**What you need to do**: Your task is to write out the entire listing exactly, omitting its pictures.

**Data below**:
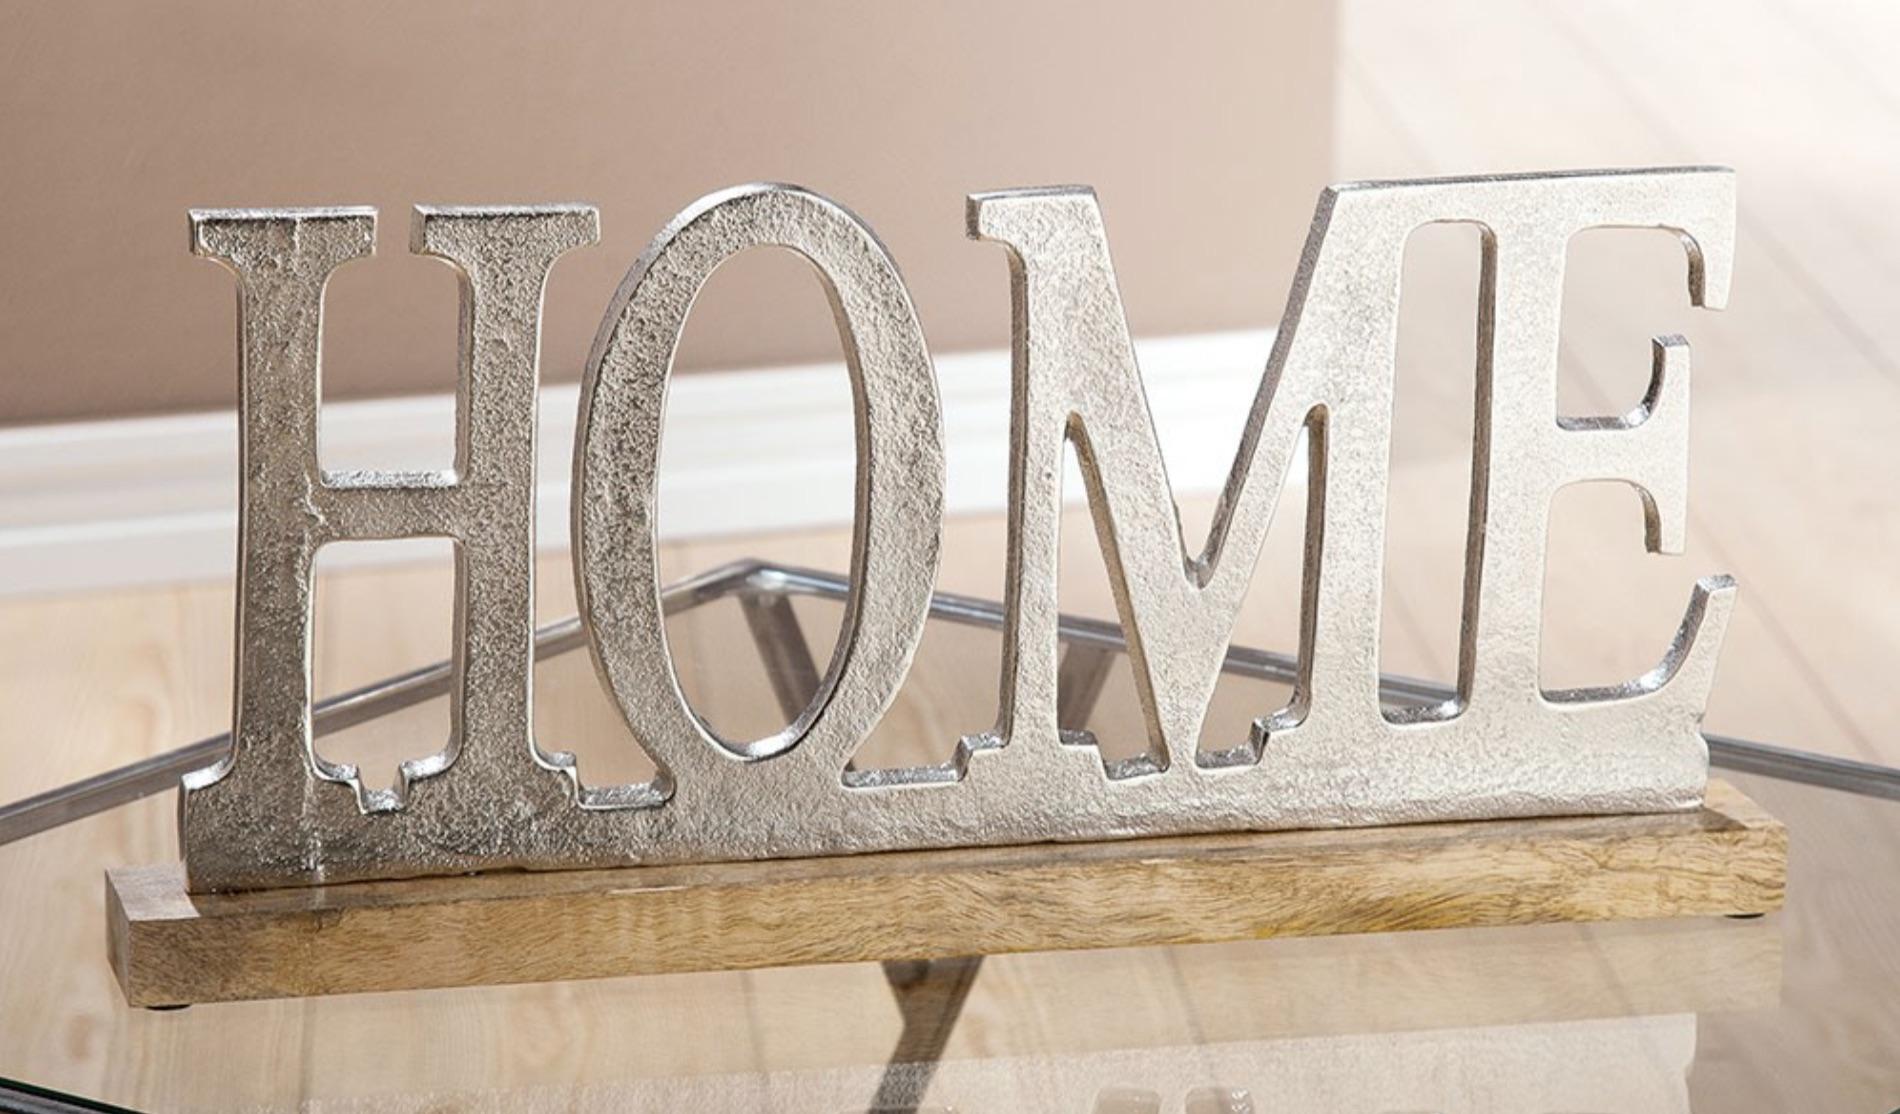 Deko Alu Schriftzug Home Auf Holzbase Silber Mangoholz Living
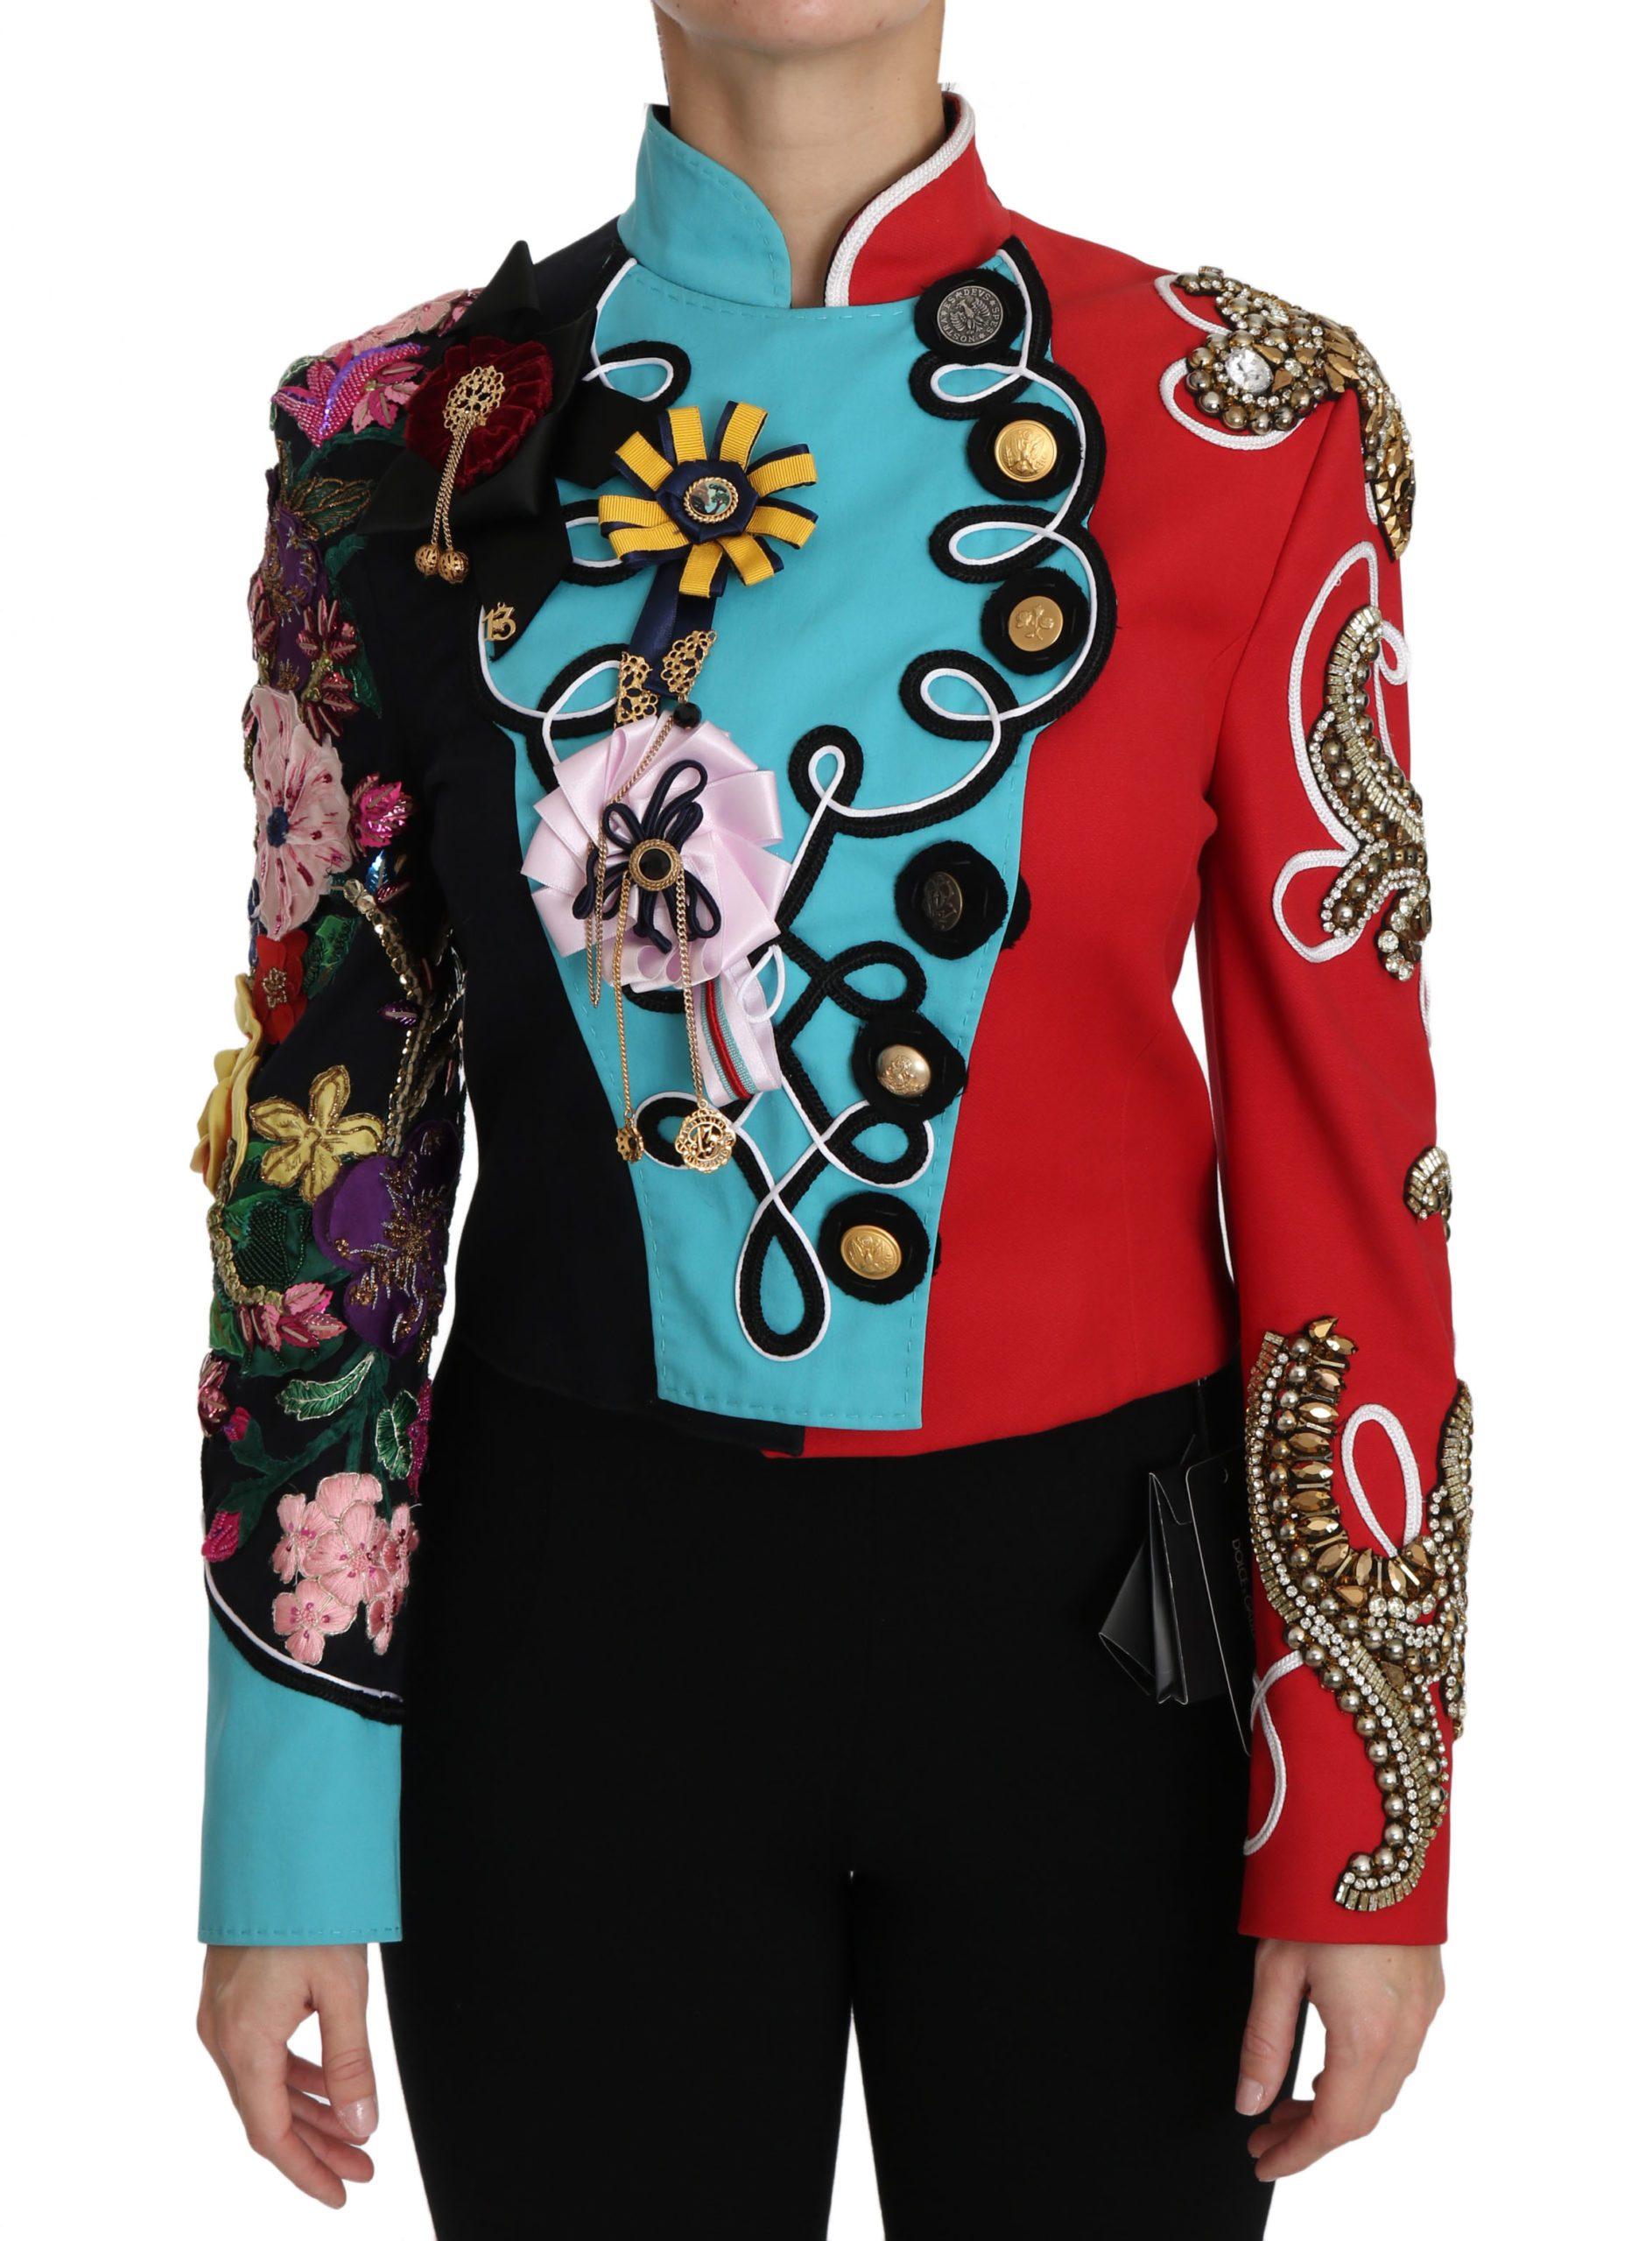 Dolce & Gabbana Women's Crystal Floral Baroque Sicily Jacket Red JKT2411 - IT38 | S
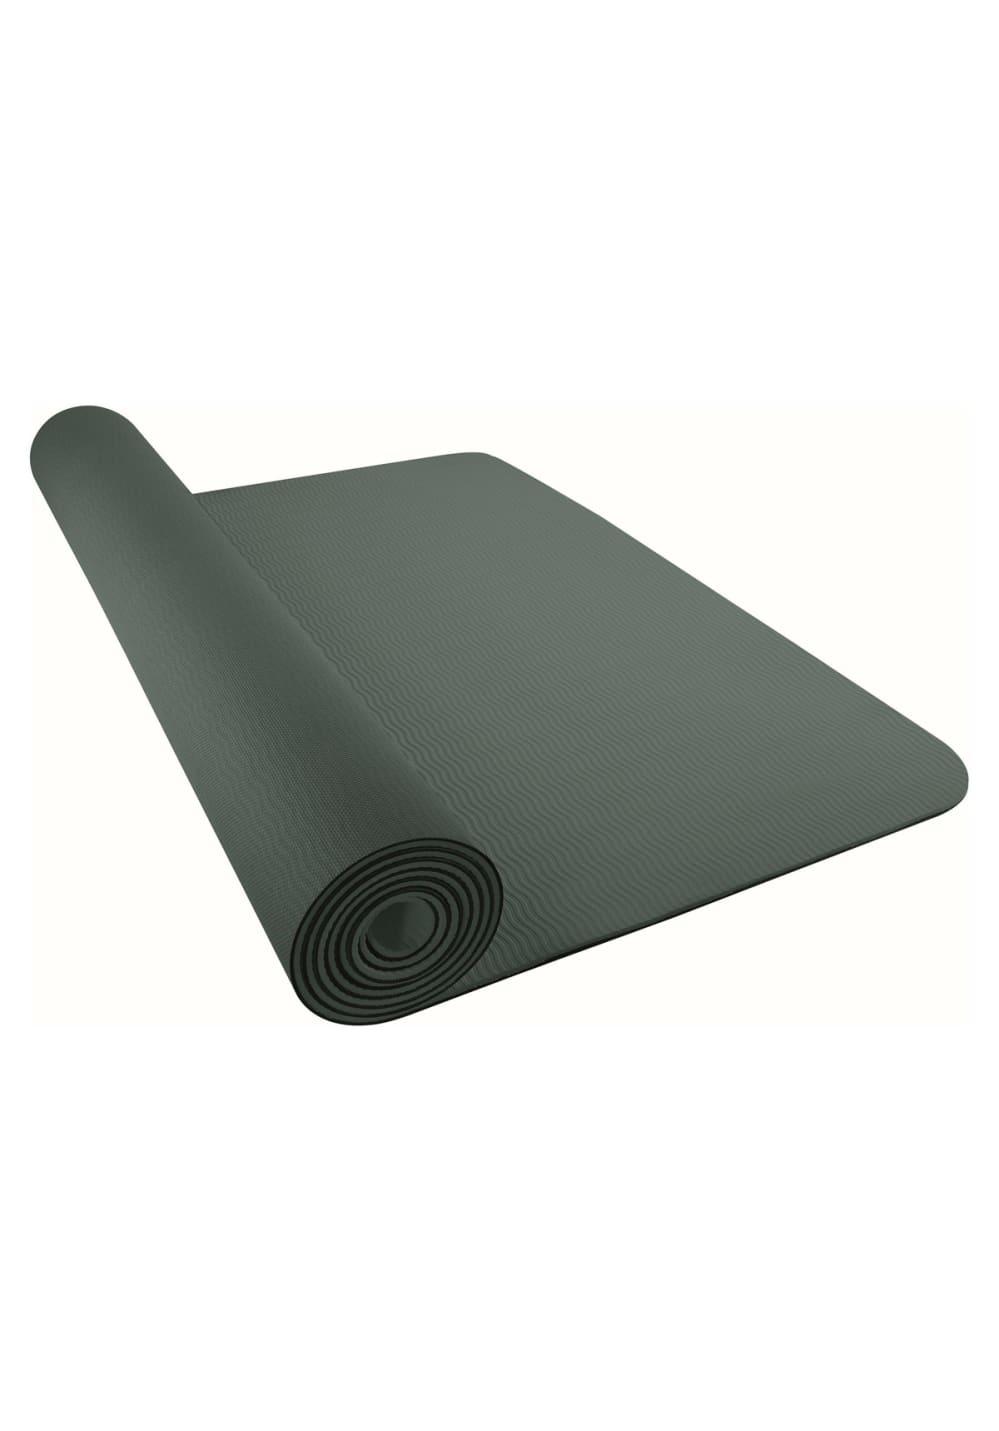 Nike Fundamental Yoga Mat 3mm Fitnesszubehör - ...

**Answer space**:
 Deko Alu Schriftzug Home Auf Holzbase Silber Mangoholz Living
 Dolce & Gabbana Women's Crystal Floral Baroque Sicily Jacket Red JKT2411 - IT38 | S
 Nike Fundamental Yoga Mat 3mm Fitnesszubehör - ...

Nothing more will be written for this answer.